Legal Sector Steering Committee engagement
Recognising these challenges, the Legal Sector Steering Committee held an engagement session with industry stakeholders on 4 February 2025 to clarify the implementation of the Legal Sector Code.
During this session, it was confirmed that any Legal Sector Measured Entity (LSME) whose financial year had already commenced before the publication date of the Codes, being 20 September 2024, still had to be measured under the Revised Codes of Good Practice (the so-called General B-BBEE Codes).
This means that entities with financial years ending between September 2024 to August 2025 will be allowed to be measured under the Revised Codes of Good Practice once more.
For example, measured entities with a February 2025 financial year-end, will be measured under the Revised Codes of Good Practice.
This is serious backtracking and a very poor attempt at conciliation. Again the arrogance is alarming. We'll give you about nothing and in exchange you'll do what we tell you to do even though the structures that are vital to comply aren't in place. And then probably saying you'll get used to it and like it and implement it.

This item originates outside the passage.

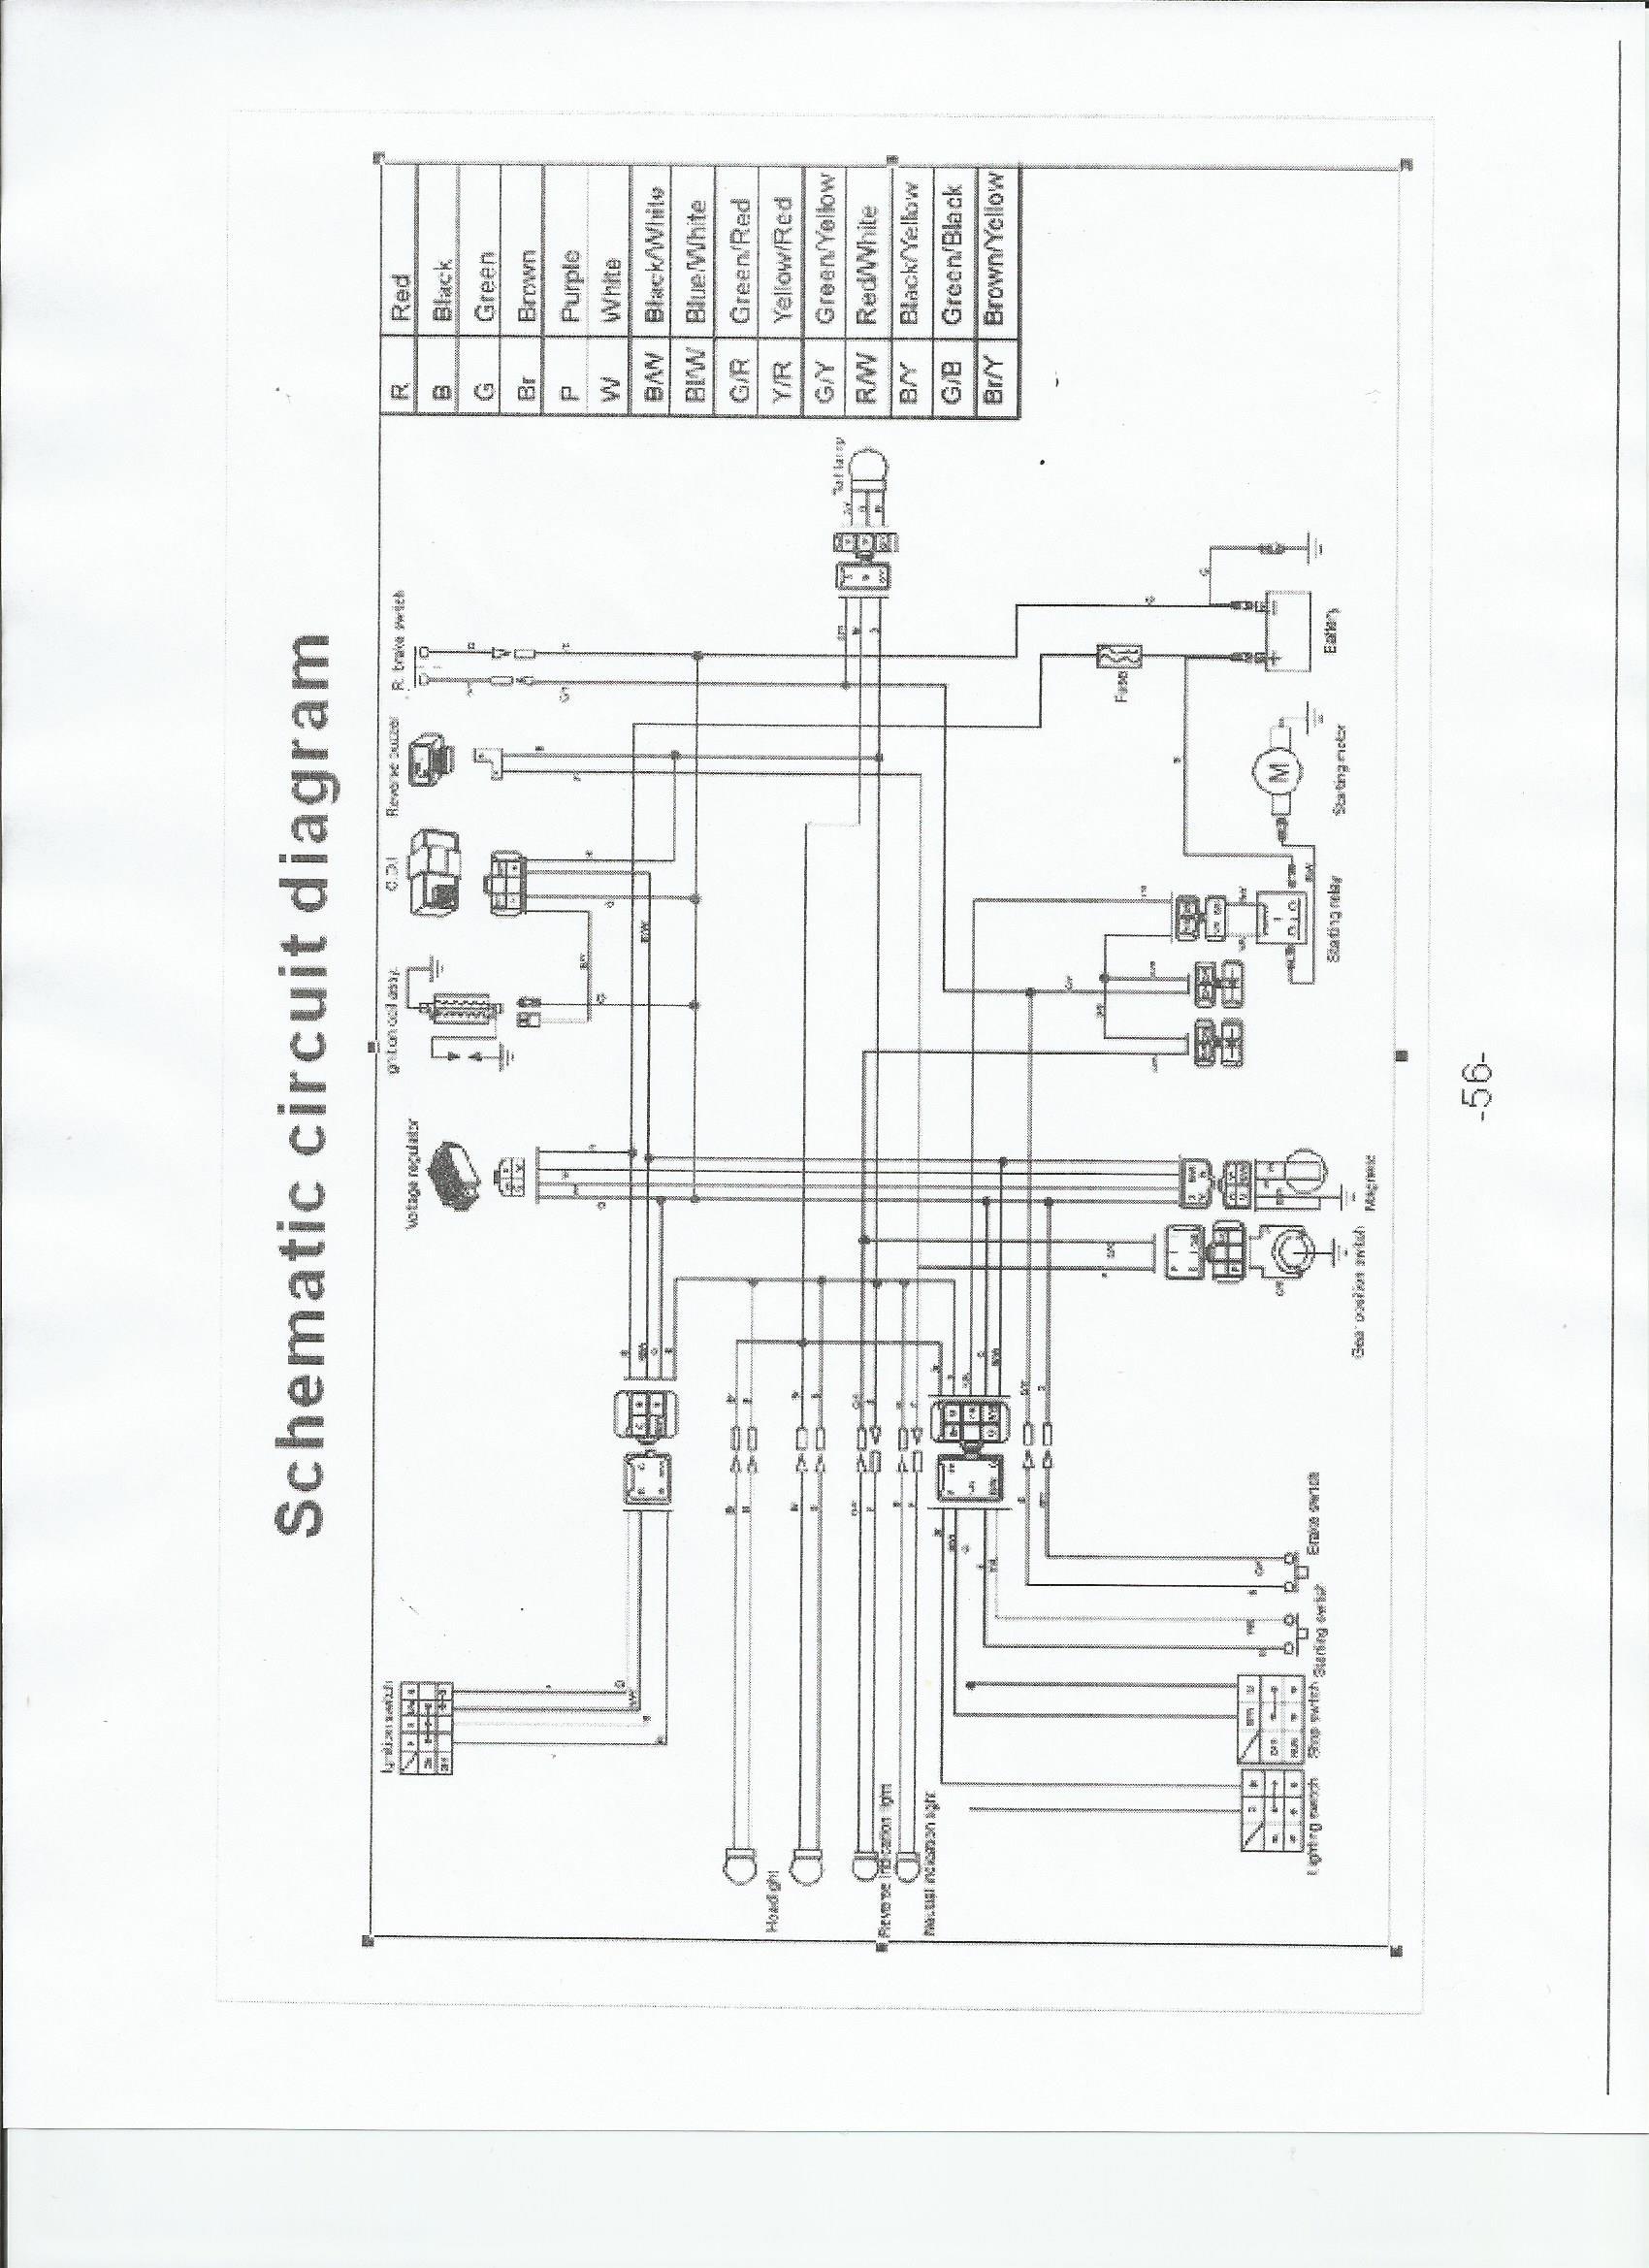 zhejiang atv wiring diagram

Things are not going well with this type of legislating. The South African and the Orange Moron are decrying our redress policies. It seems that the catalyst was Cyril gazetting (again extreme anc arrogance) the Expropriation Act. This wasn't agreed to with other GNU partners and he went ahead because he is too weak and arrogant to figure out he's answerable to a country and his GNU partners. Now South Africa is gaining unnecessary attention. We can do what we want as as a sovereign country. But the attention we are getting is not good for us. It is getting so bad that Cyril ends up calling Mush to explain the expropriation act.
It would be one thing if these so-called empowerment policies had actually benefited the economy and the people. Cyril could easily defend it under those circumstances. But it has denuded the country, stripped us of resources and impoverished every one, except a very small number of people.
And this is why the legal challenge is so important. It's a barometer with the business sector saying we have had enough.
Takes balls to listen Cyril. I don't know where you left yours.